If this was called every time the token was refreshed (which I understand from the NewPersistentTokenSource description it would be) then yeah I think this works.

But I was also wondering if/how to expose the additional data that is needed to build an *oauth2.Config needed to create a refreshable *oauth2.TokenSource. Maybe we could consider passing the resolved *oauth2.Config instance to the token store as well?

My understanding is that oauth.Config shouldn't really change after initialization in Authorize(), so I am not sure it makes sense to pass it to Save(), which may be called on every call to TokenSource.Token().

My idea for this was to add a callback to the AuthorizationCodeHandlerConfig.
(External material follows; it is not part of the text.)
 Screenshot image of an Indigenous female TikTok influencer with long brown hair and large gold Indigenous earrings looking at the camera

I have implemented this in a fork here. I admit I am not as familiar with either OAuth2 or this library as you are so I do not know if this is a bad idea or not but it seems to work in my brief testing.
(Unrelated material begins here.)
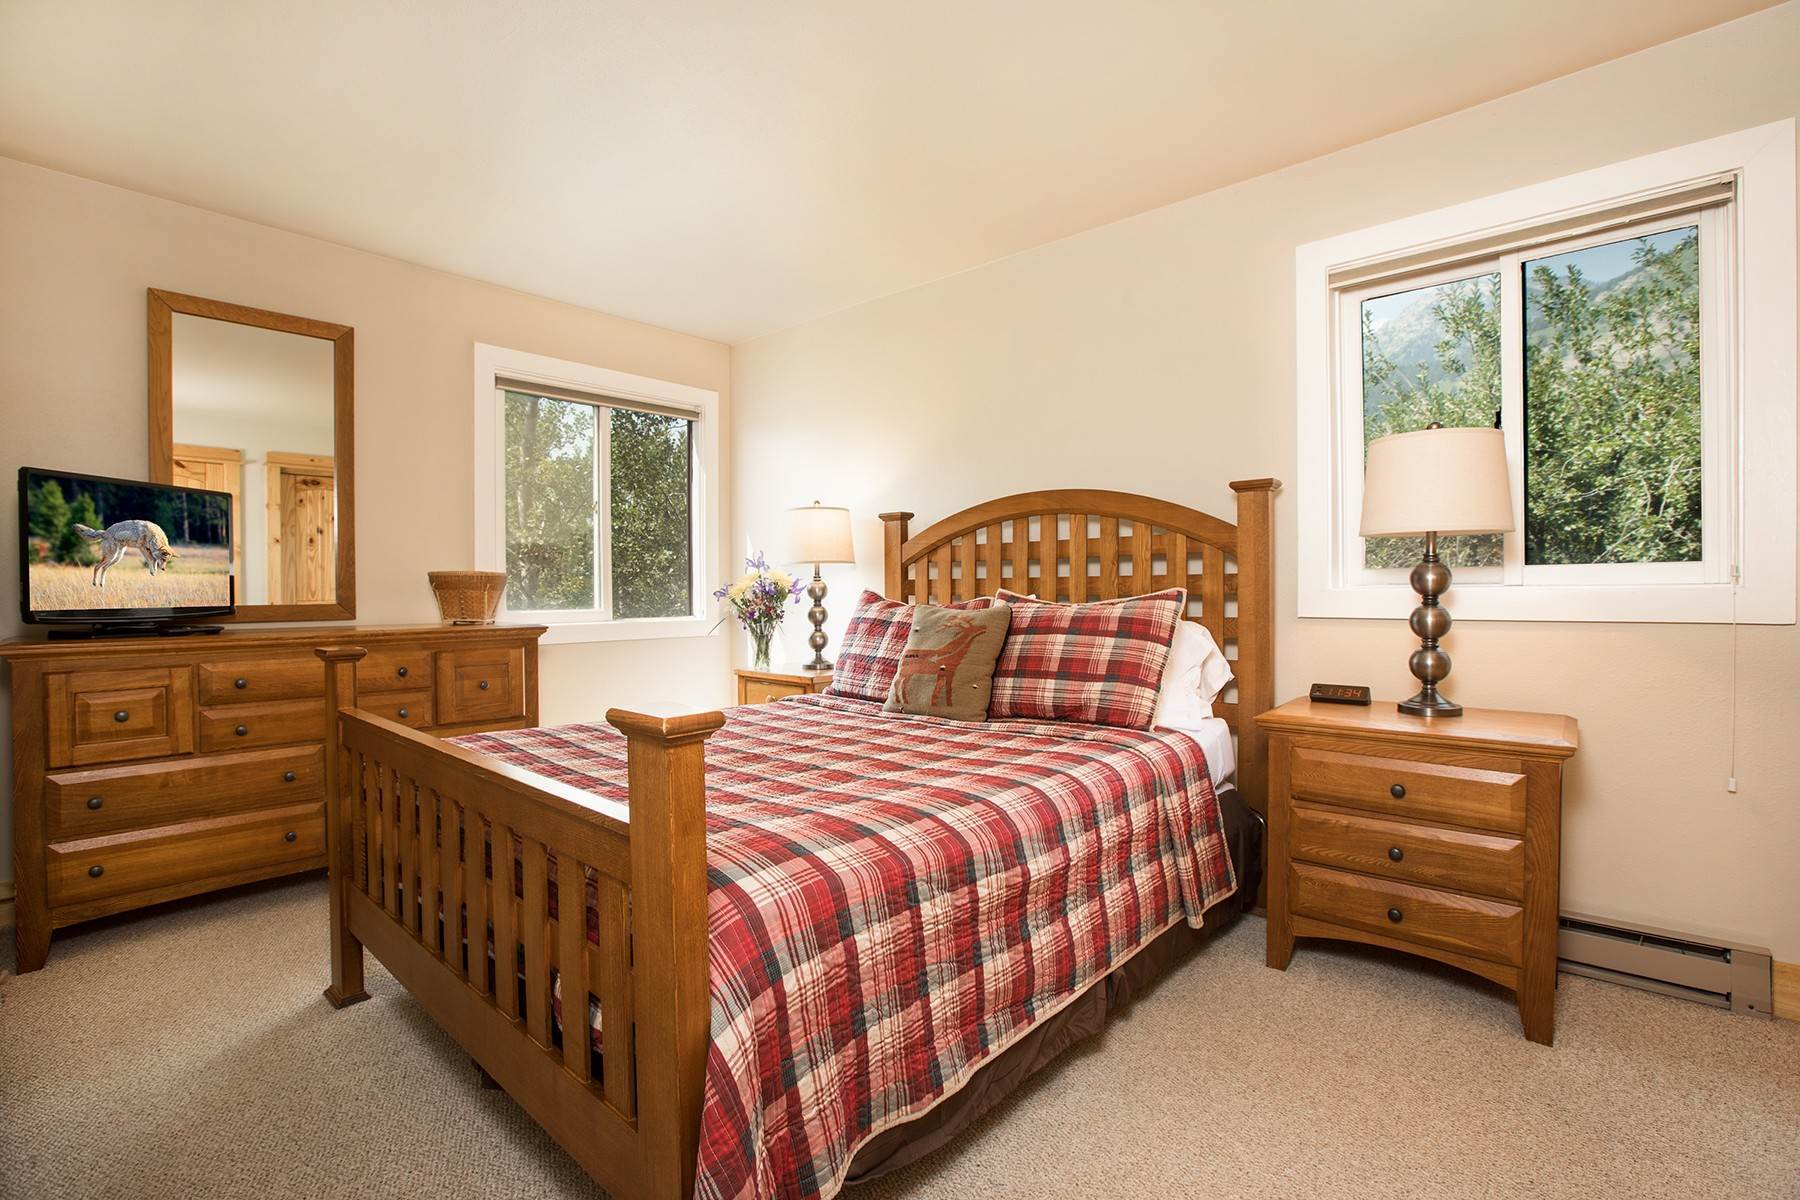 6. Condominiums for Sale at Furnished Teton Village Condominium 3680 W Michael Drive, #W-9-B Teton Village, Wyoming 83025 United States

auth.NewPersistentTokenSource – a function to enrich a token source with capability to save the tokens to the token store. Useful when manually pre-setting the token source in the handler e.g. from disk to get the same behavior. The proposed signature was func (ctx context.Context, wrapped oauth2.TokenSource, store TokenStore) oauth2.TokenSource.

Looking at #785 I see that this would call TokenStore.Save on every call to Token() which I think makes sense. My TokenStore would just have to compare the token in memory to the new one to decide whether or not to update the token on disk.
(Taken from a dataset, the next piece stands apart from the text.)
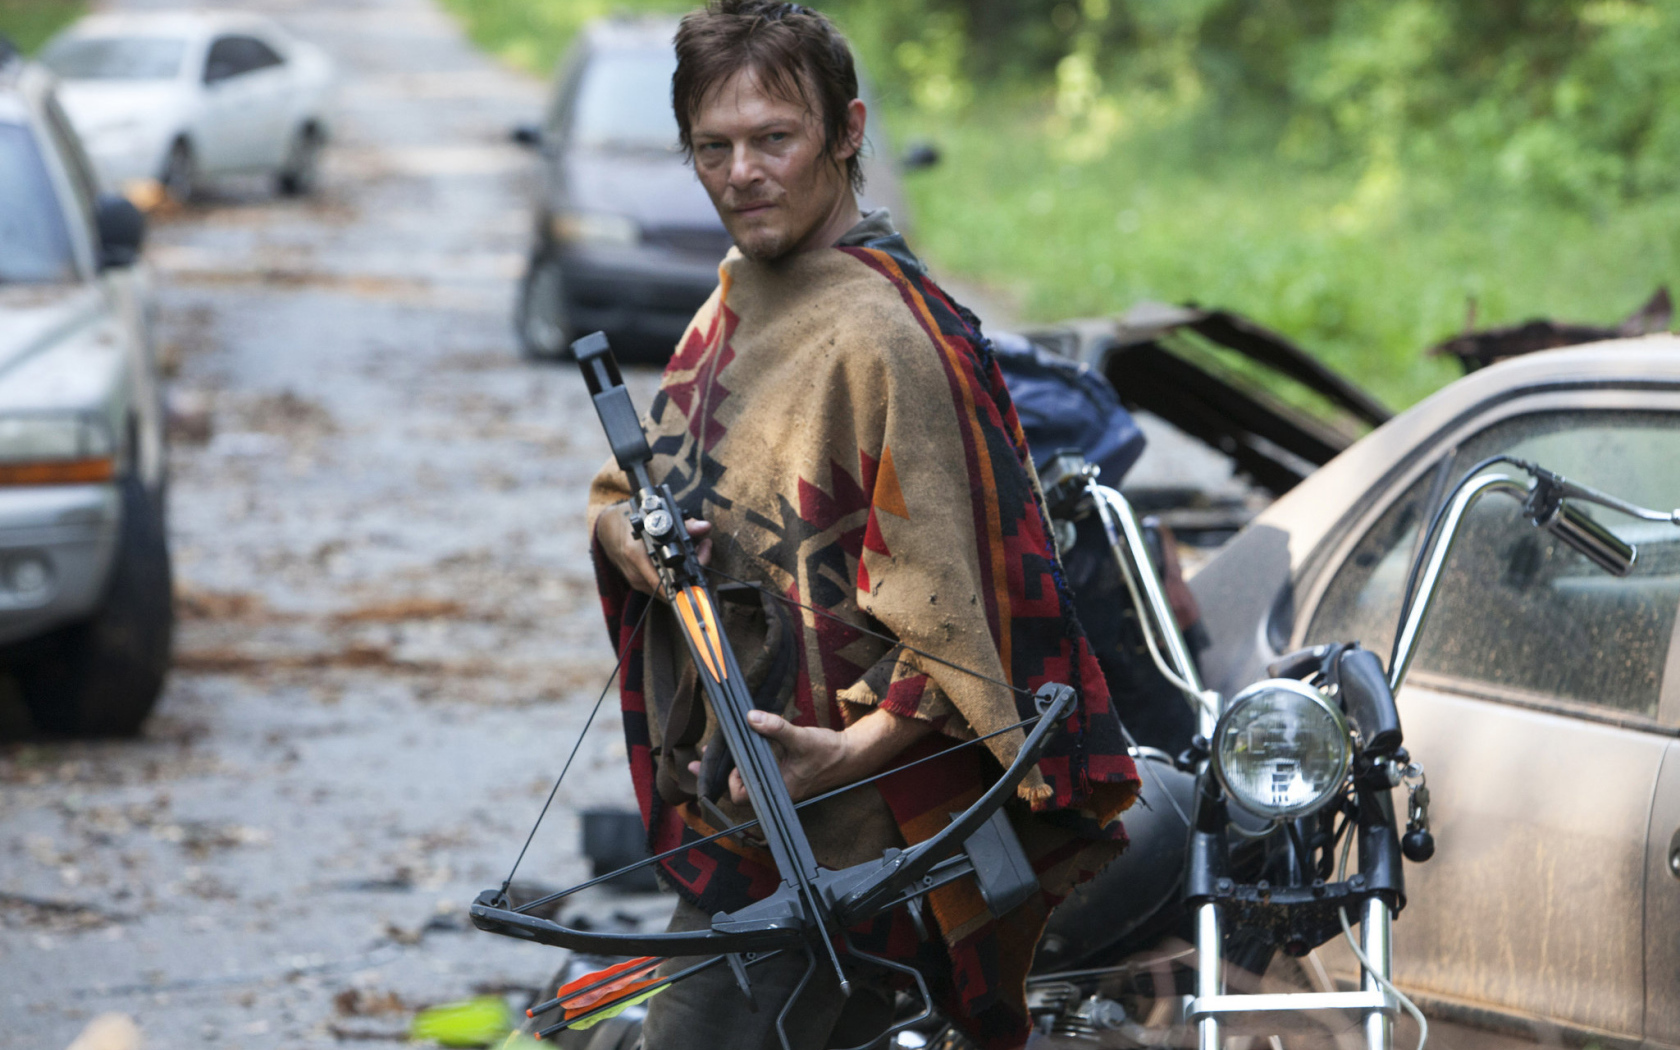 Daryl with a crossbow from The Walking Dead

I see that you have thought about this a great deal more than I have and I hope that you are able to add some of the persistence ideas from #785 back to the API.

[smlx]

My first comment was rather rambling, so here is a summary of my persistence use case:

1. Load an oauth2.Config and oauth2.Token from disk, inject them into some interface in this SDK and, if the access token and/or refresh token are valid, have this state used without forcing the user through an interactive authorization flow.
2. Save the oauth2.Config generated in AuthorizationCodeHandler.Authorize() to disk after it has been successfully used to obtain a token.
3. Save the oauth2.Token to disk whenever it is refreshed.

[smlx]

My idea for this was to add a callback to the AuthorizationCodeHandlerConfig. I have implemented this in a fork here.

If you do happen to like this idea, let me know and I can open a PR. 🙂

[maciej-kisiel]

Let me advertise this topic on the Discord channel, maybe we can get more opinions.